3 min read

THE MANCHURIAN PRINCE

He never intended for it to get this bad, but here he was, the villain prince of the United Kingdom.

The central trouble for Harry had always been that he had found himself caught in a schism between honouring the past which for him was mostly tarnished with trauma (or at least that's what his therapist had explained to him) and embracing a silicon future which could make everything new again: a world like Oz where everything would be rainbows and unicorns and the promise of power would be on his own terms and not through the constitiuonal strait jacket of a thousand year old monarchy.

Already in the 21st century, an insidious rift had developed between global corporations and ye olde institutions, including sovereign governments and monarchies. Harry, like his wife Meghan, found himself increasingly drawn to the allure of corporate power where the likes of Amazon, Apple and Netflix could hold more sway with public opinion than royalty it seemed. He genuinely considered himself ahead of the curve, an ambassador for progressive modernity, not just another sweaty gammon being slow cooked inside military regalia, although paradoxically, deep down he still felt attached to his military persona.

The fairytale kingdom everyone imagined the royal family to exist in had become quite the opposite for Harry, who had always looked for ways to rebel. The rituals of tradition had simply never seemed cool to Harry who was always trying to find new ways to sabotage and rough up his royal image.

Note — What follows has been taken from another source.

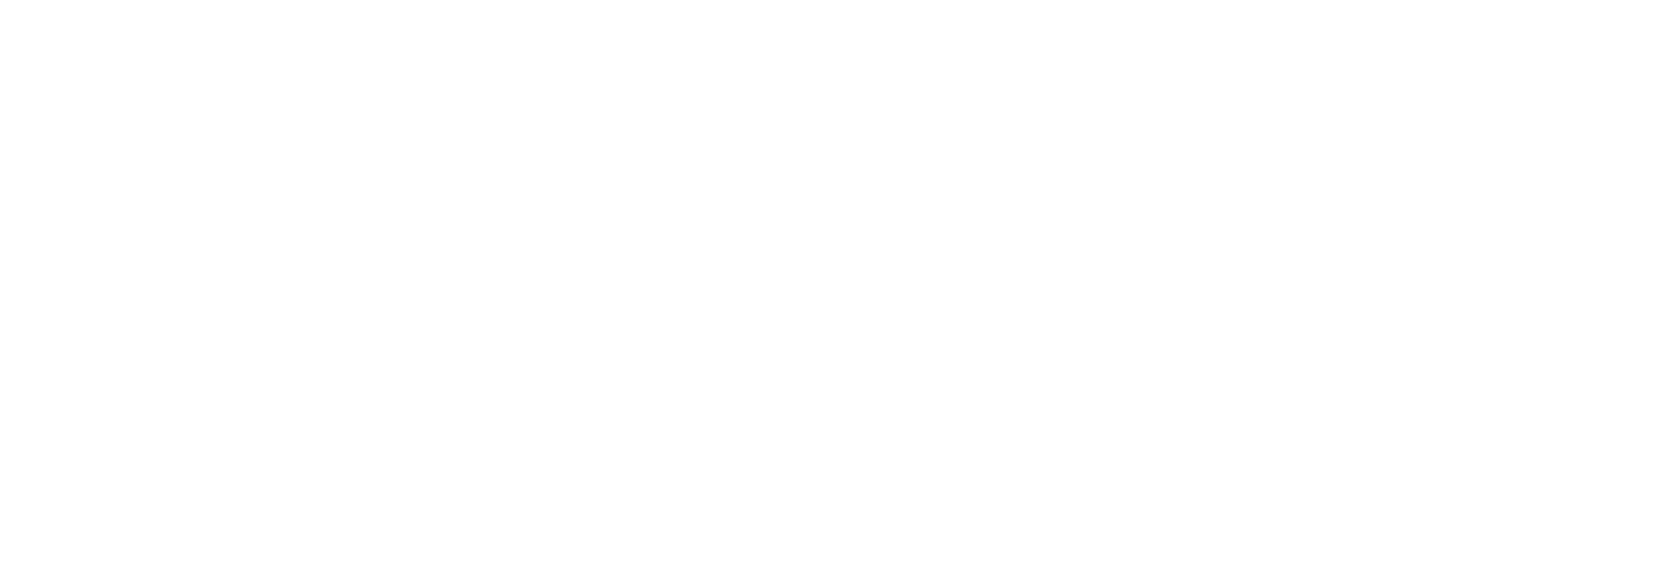 Atlantic Counter Trafficking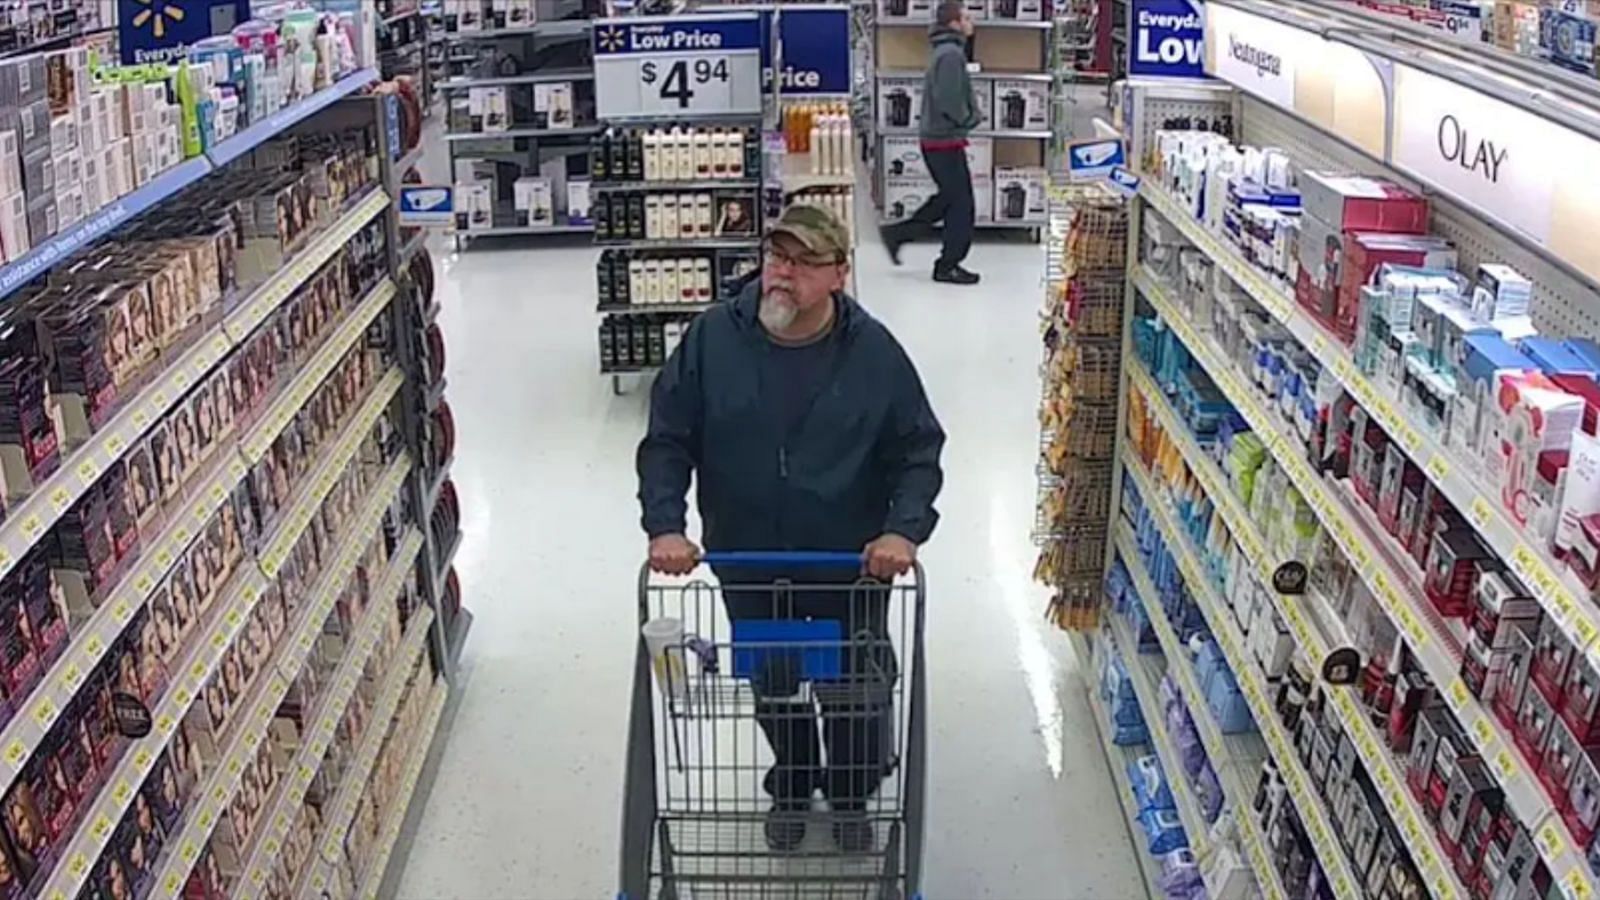 CCTV footage of Tad Cummins at Walmart (Image via YouTube/ AL.com)

But lately, hanging out with James Corden, the Obamas and Oprah Winfrey, wasn't quite the cutting edge make over he had perhaps imagined when he first plotted his aristoratic 'prison break' out of Frogmore Cottage in Windsor with his Los Angeles wife.

And more recently he and Meghan had both been starkly warned by members of their PR team that their popularity was on the verge of a steep decline in America (their core market audience) due to an optics failure as a consequence of the death of his grandfather the Duke of York followed by the decline in health of his grandmother Queen Elizabeth II, the current seventy year reigning monarch of Great Britain.

Although he felt bad about some of the fallout from his move abroad to America, Harry's biggest fear above all else was not appearing cool anymore. The very thought terrified him far more than any amount of acrimony and alienation from his own royal family. Had he overlooked some better solution to wedding his past with his present in order to make a happier future? Meghan didn't think so.

Restless nights ensued as he found his old life wrestling with his new one inside his head. In anguish he would turn to Meghan in the middle of the night, forgetting that they slept in separate bedrooms. Doom scrolling through social media platforms to take a private census of public opinion would leave him feeling even worse about his current state of affairs.

Heavy it may be to wear the crown, but Harry felt as if he was wearing his own metaphorical crown of thorns and slowly they were beginning to grow inwardly, pricking his conscience.

But after breakfast he would shake off that uncertainty with a walk with his beagle Guy and labrador Oz.


Months later, standing behind his grandmother's coffin as the procession was led from Buckingham Palace to Westminster Hall, Harry found himself returned to that place he was as a child when his original unease at being a royal first became an issue for him.

As the British public watched every step of his flanking both sides of the procession, he felt as if he could hear all of their gossipy thoughts and murmurs directed toward him like an army of tiny ants. Being the villain in the story was cool to Harry. Villains often steal the show, he thought privately to himself. But just wait for my redemption. They'll love me more than ever in the end he felt convinced. He often thought of himself as Bruce Wayne and not just because they both shared a similar childhood tragedy that defined their character growing up. The comparison also made sense to him because he felt that he possessed his own super power over the true villains of this piece.

In many ways, as he'd discussed with Meghan, he held the sword of Damocles over the monarchy now, though not so much with a sword as with a book and just so long as he had that secret weapon, he knew he had all the power.

He stared at his grandmother's coffin draped in the royal standard and felt a defining sense of the old world passing and a new one just beginning, one that he would have a hand in shaping.

No longer Once Upon A Time but Very, Very Soon.